EXERCISE DATA.
========================================

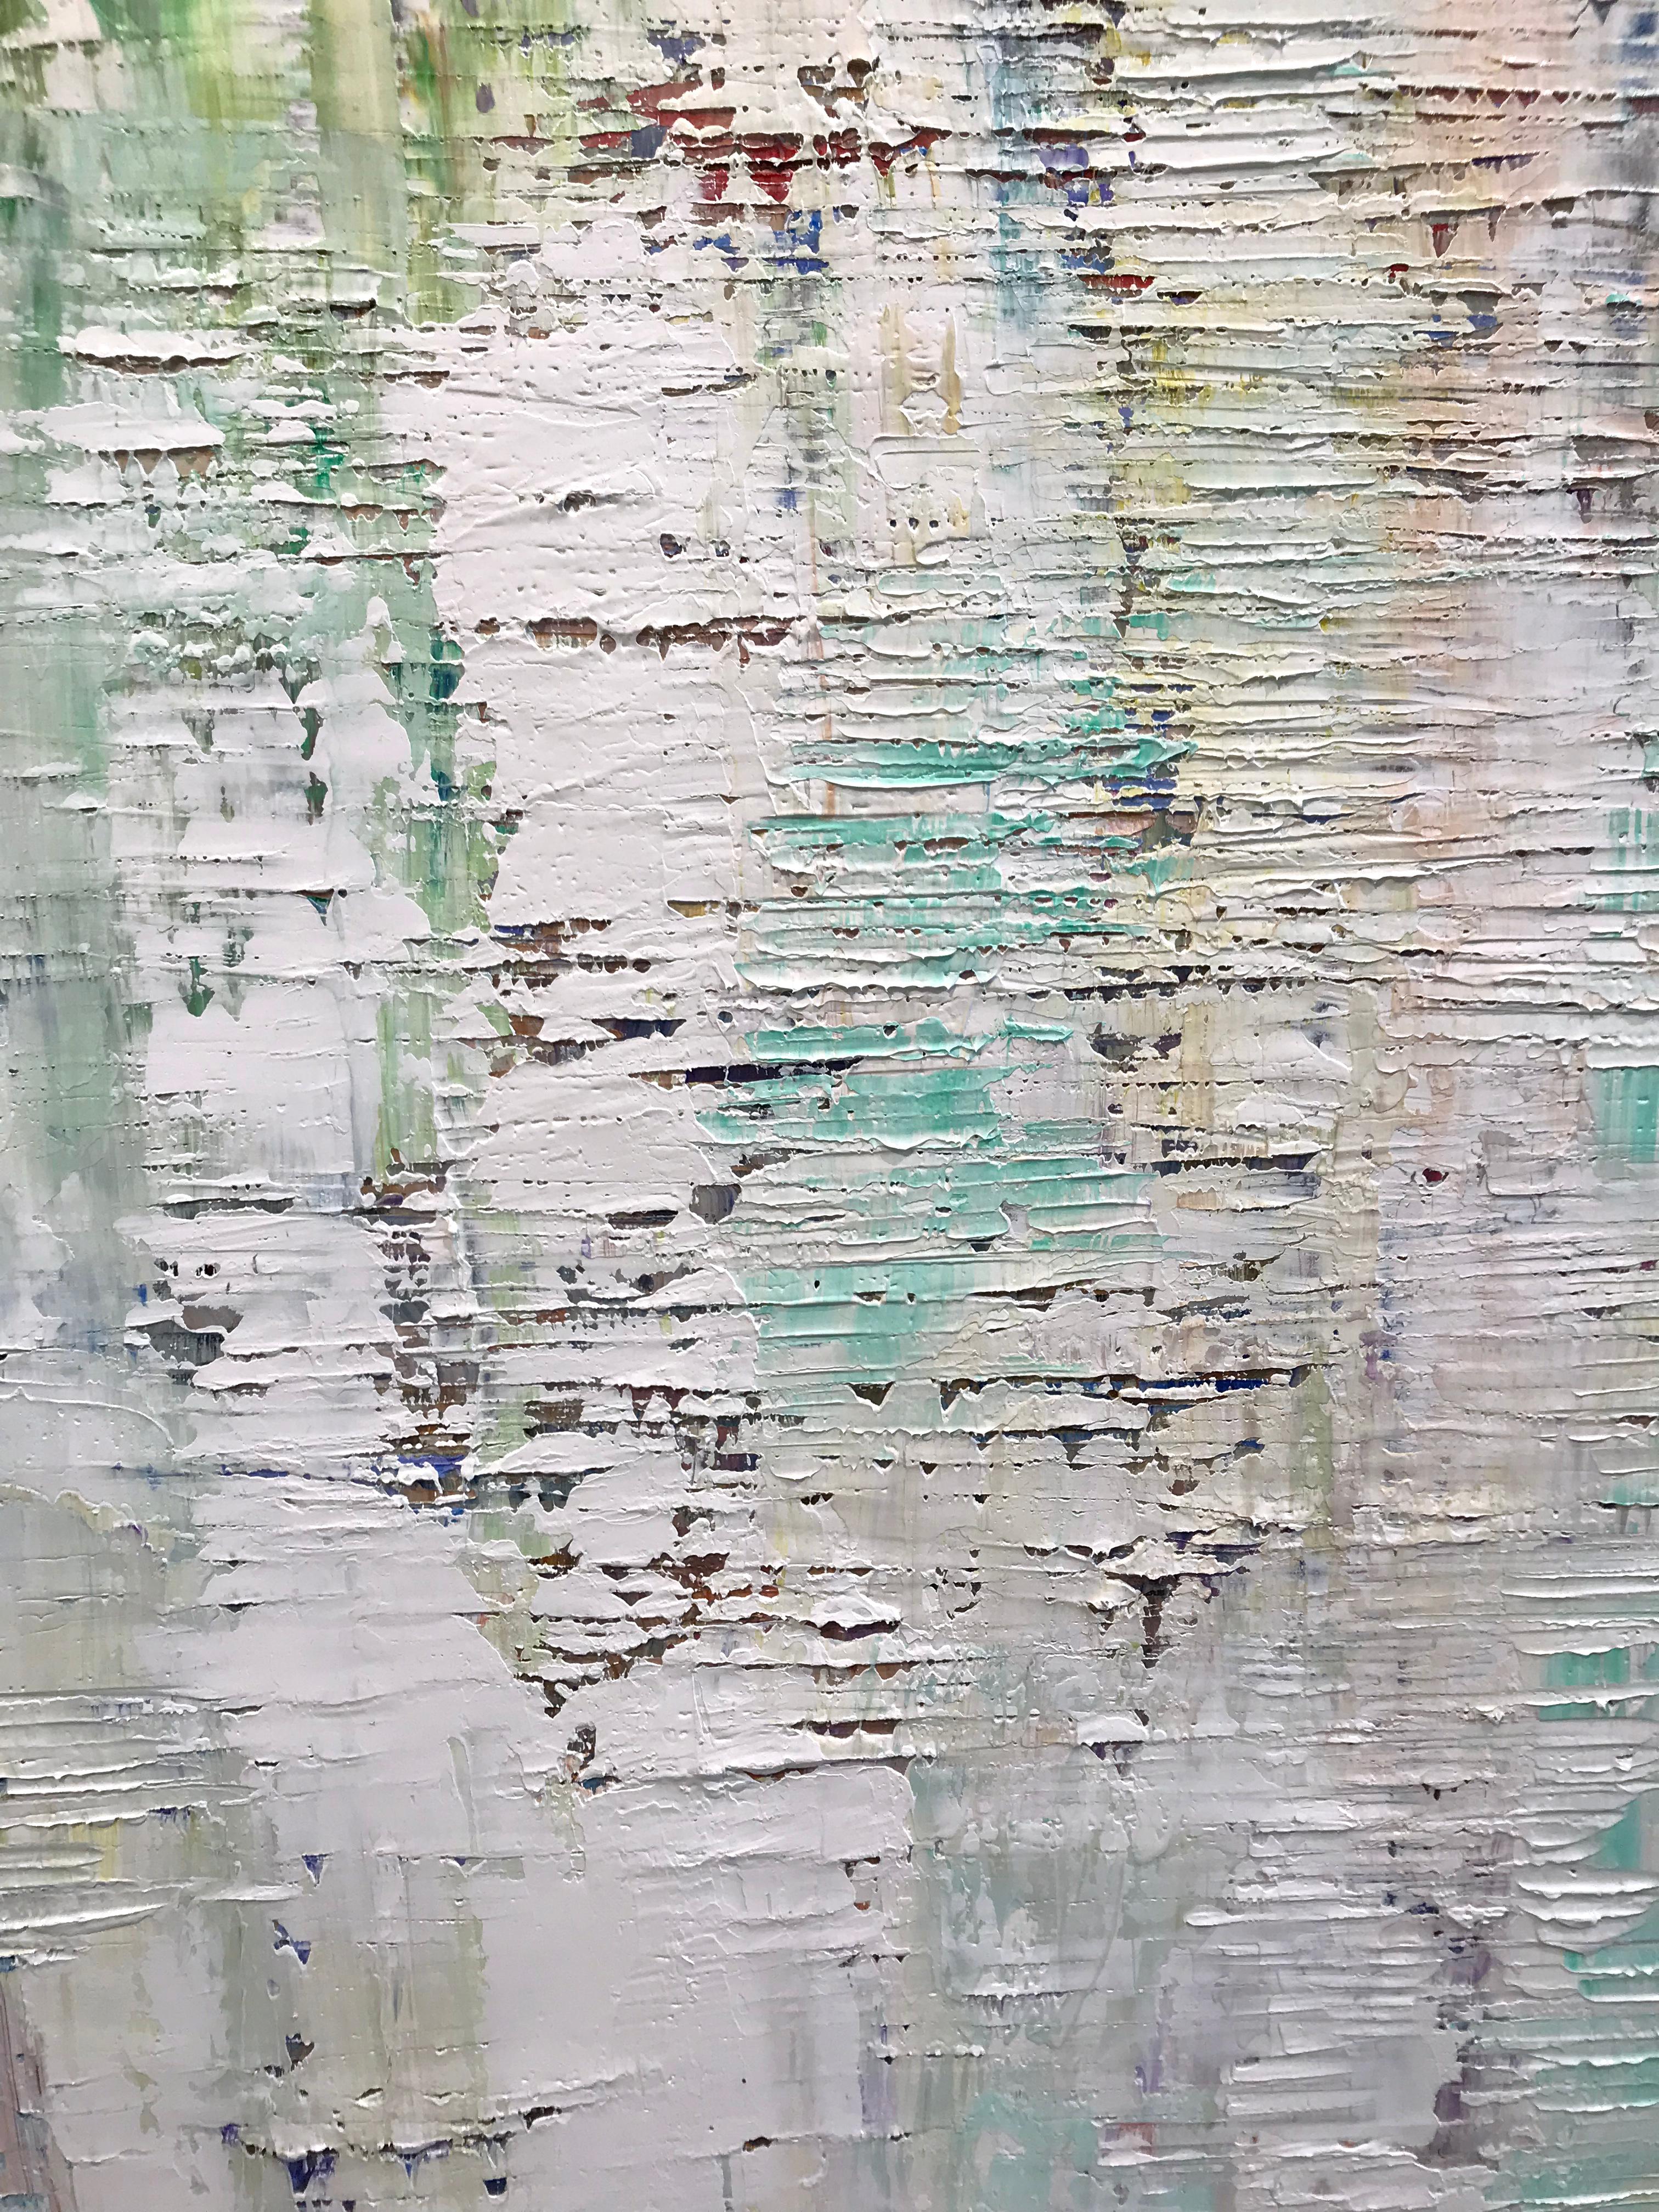 After the Rain is a contemporary abstract oil painting by artist Julia S. Powell. In this painting, bright shades of blue, aqua, pink, green, and navy are masked by a layer of white paint. Powell uses horizontal brush strokes throughout the piece to
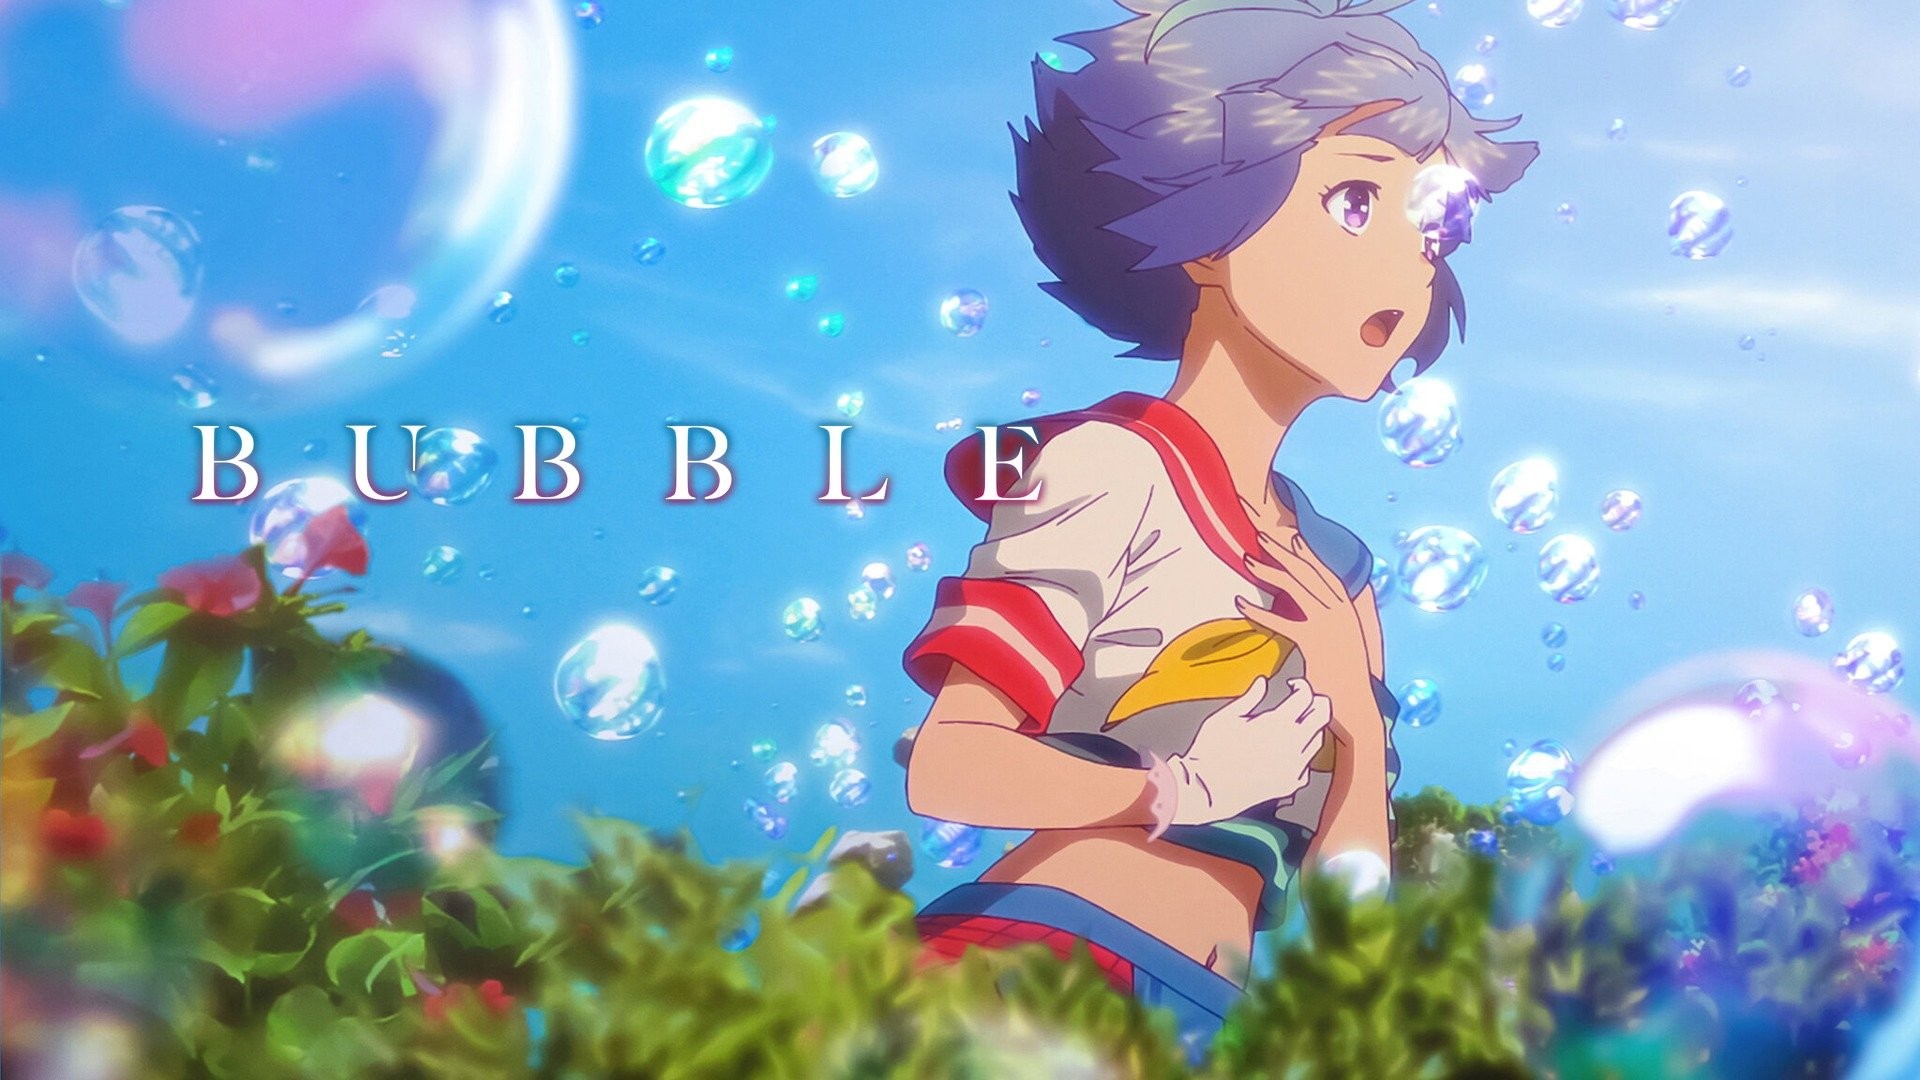 Bubble review - is the Netflix anime movie worth your time?
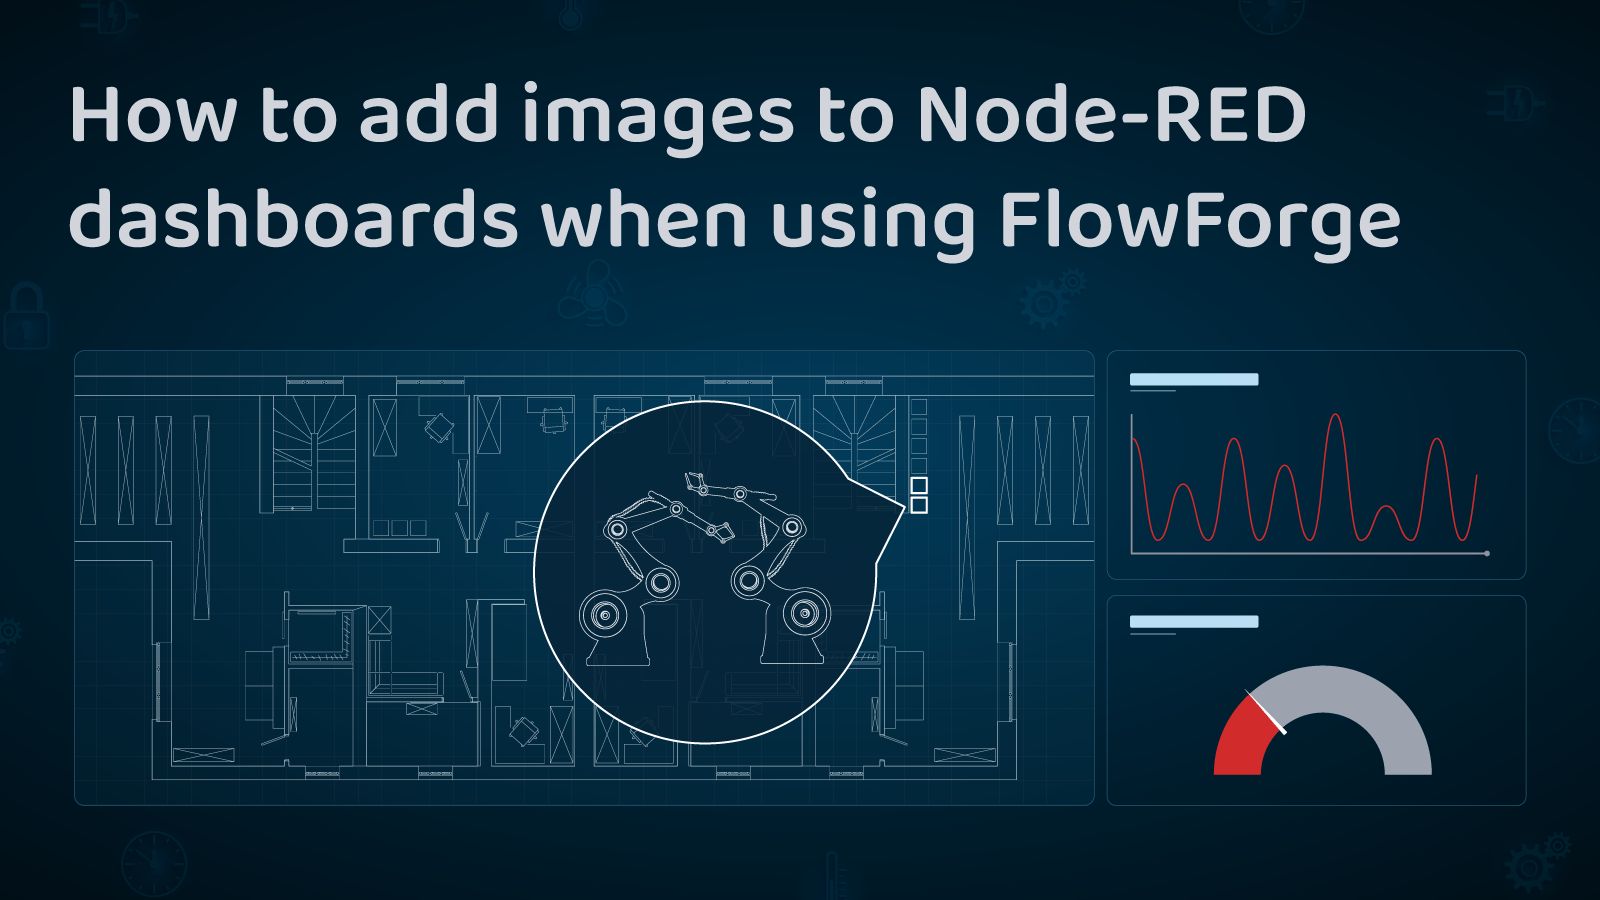 Image representing How to add images to Node-RED dashboards when using FlowFuse

========================================

Make an exact printout of the listing above, omitting the images.

ANSWER SECTION.
 After the Rain is a contemporary abstract oil painting by artist Julia S. Powell. In this painting, bright shades of blue, aqua, pink, green, and navy are masked by a layer of white paint. Powell uses horizontal brush strokes throughout the piece to
 Bubble review - is the Netflix anime movie worth your time?
 Image representing How to add images to Node-RED dashboards when using FlowFuse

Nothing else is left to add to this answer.